I searched through my memory, trying to find a single clue as to who the man unlucky enough to now be me was supposed to be.

"Come on, Damn it. The pointless hours I have put into this game have to amount to something. Anything." Right as I started to lose hope, something clicked in my mind.

"First fight of the year," said the announcer.

"The... Opening Scene."

Cassain Argell.

The 3rd-rate villain.

The bully.

The arrogant aristocrat who humiliated first-years for sport and caused mayhem for his personal entertainment.

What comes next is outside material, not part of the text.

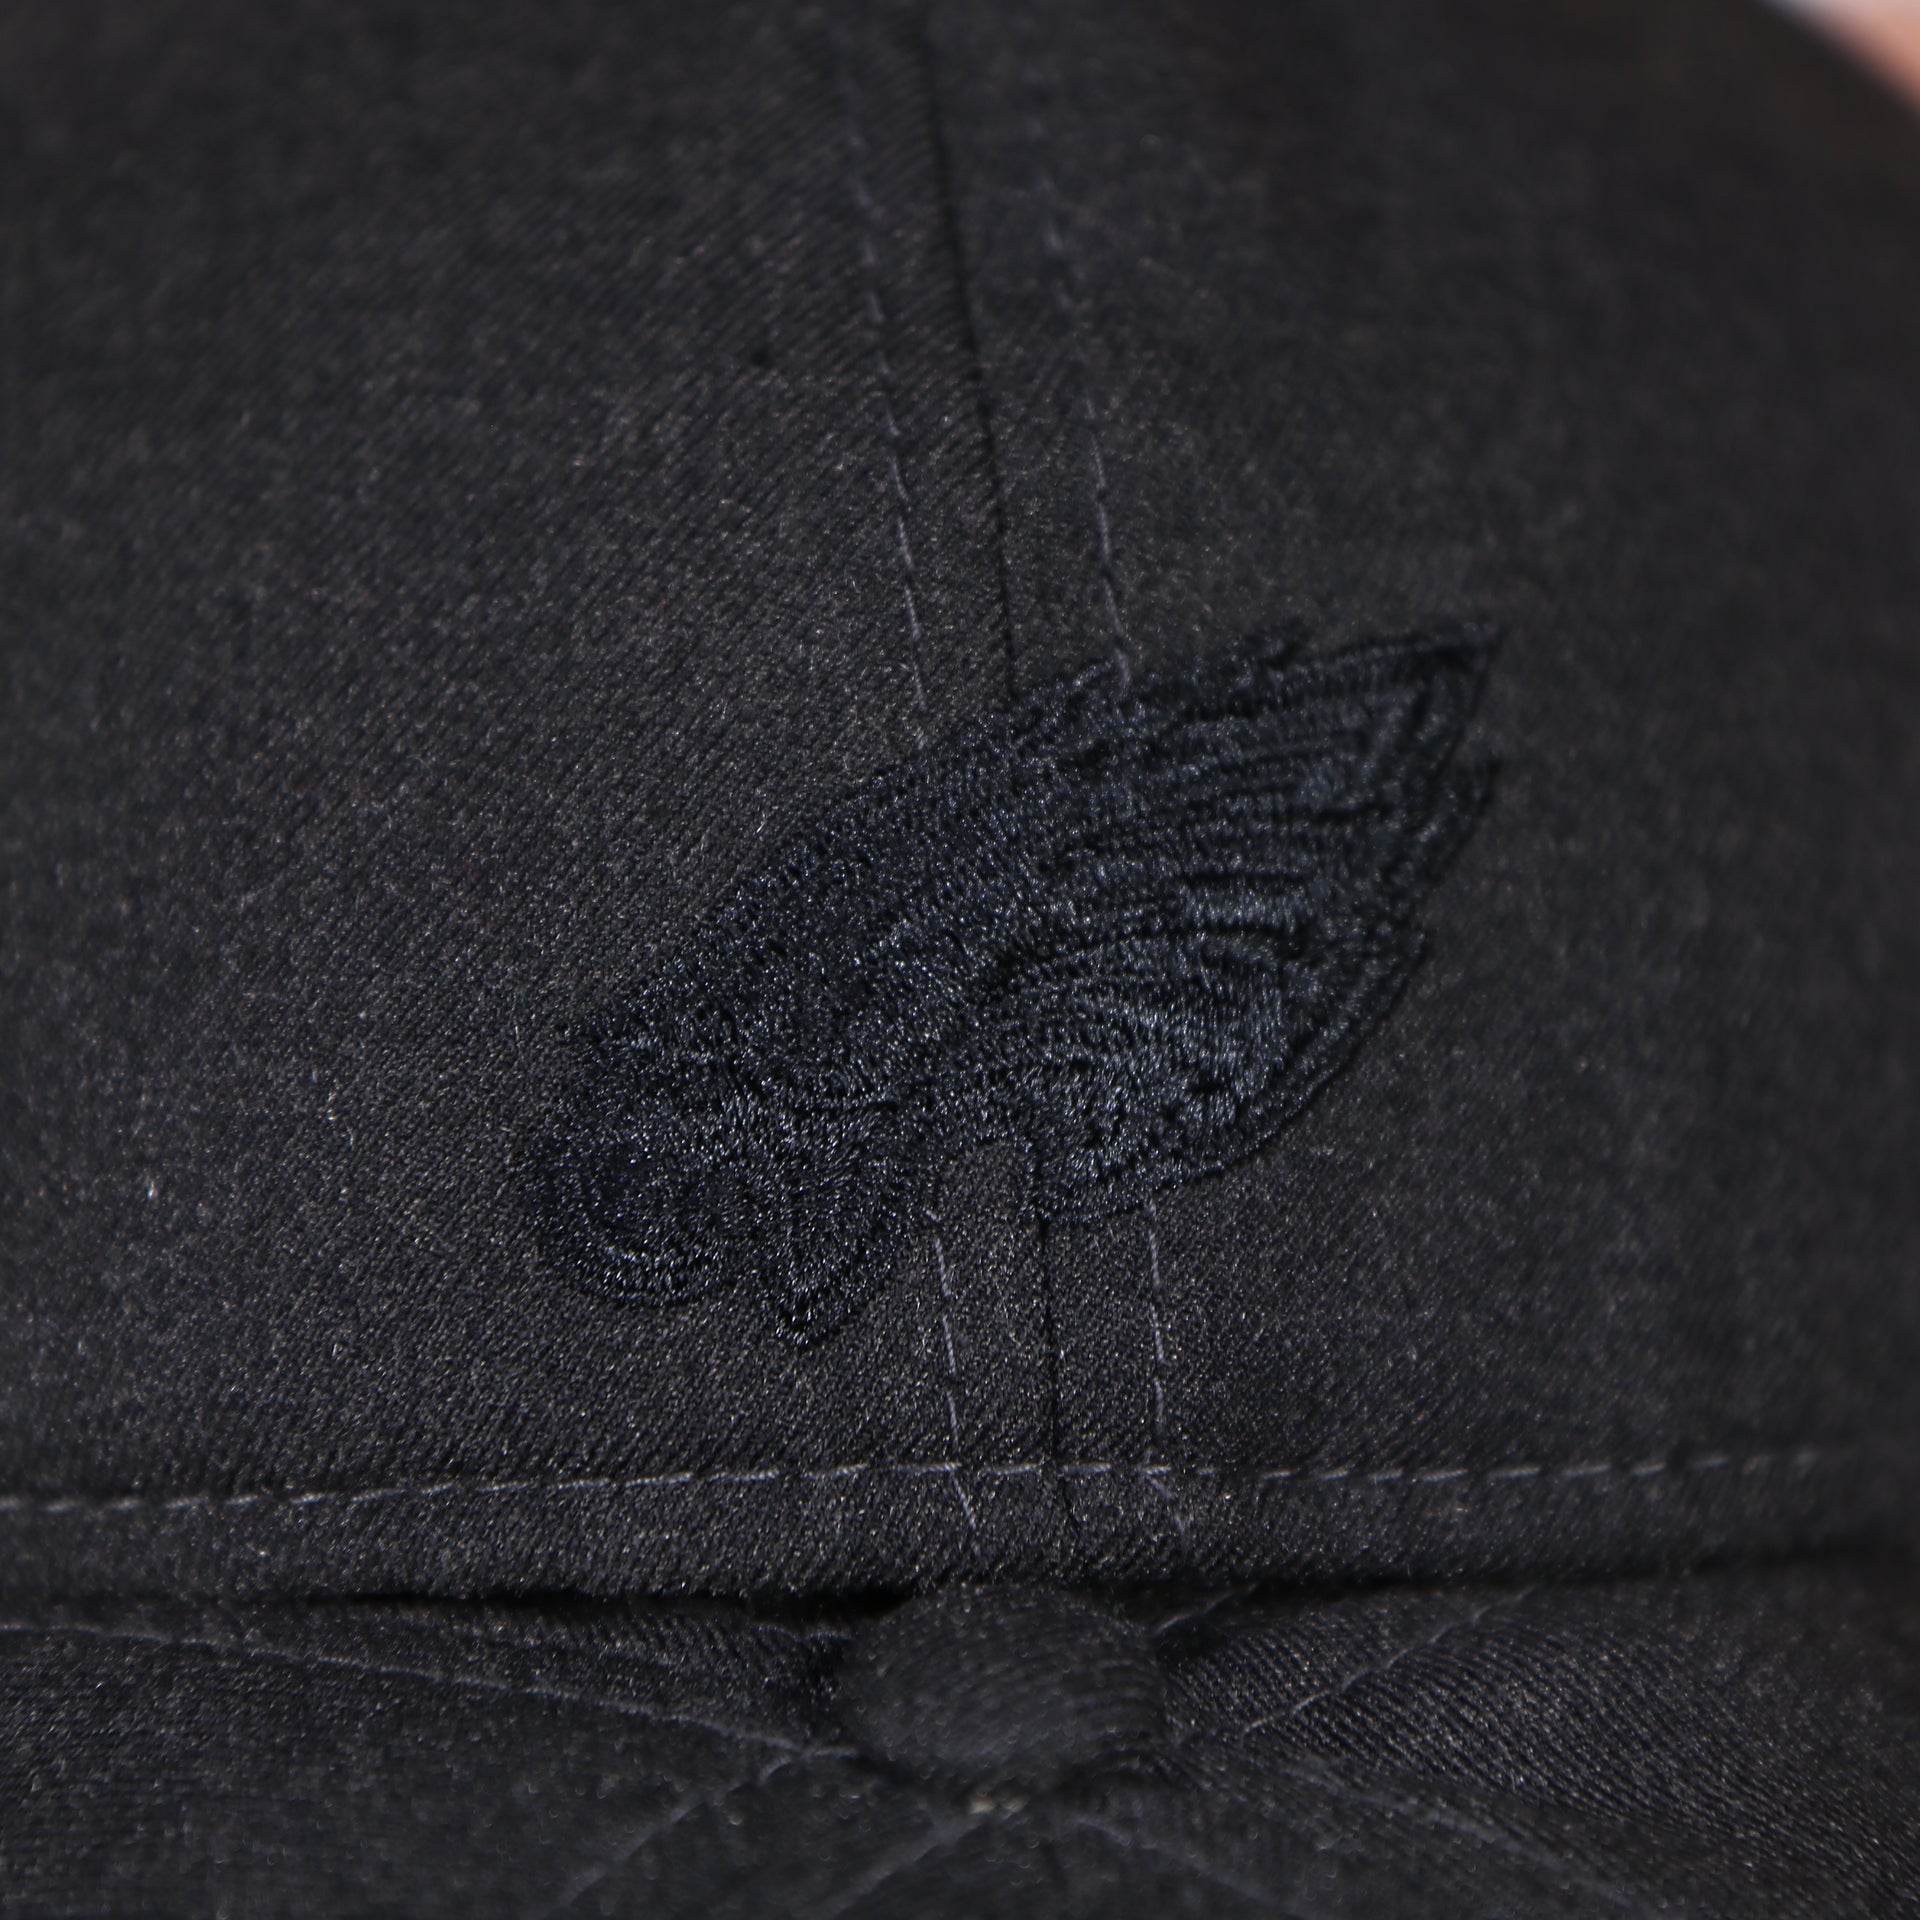 Eagles logo on the backside of the Philadelphia Eagles Jeff Cap Black Duckbill Hat | OSFM

The guy who picked a fight with Elden, a newly admitted commoner blessed with a rare holy affinity, on the first day of the year and dragged him into a public duel minutes before the opening ceremony.

Little did the prick of a noble know that the man he tried to overwhelm was none other than the hero blessed by the narrative. The main character of the world. The man destined for greatness.

In the game, it was a perfect narrative hook: the noble villain versus the underdog hero. The typical start to a power fantasy. Players loved it.

But here? Now?

It was a death sentence.

In the game, the player, or Elden, brutally defeated Cassian, who was the first boss of Act 1, which led to an uprising by the commoners and the victims of Cassian against him, which ultimately ended with him being expelled from the academy and disowned by his family.

As I tried to get a grasp on my situation.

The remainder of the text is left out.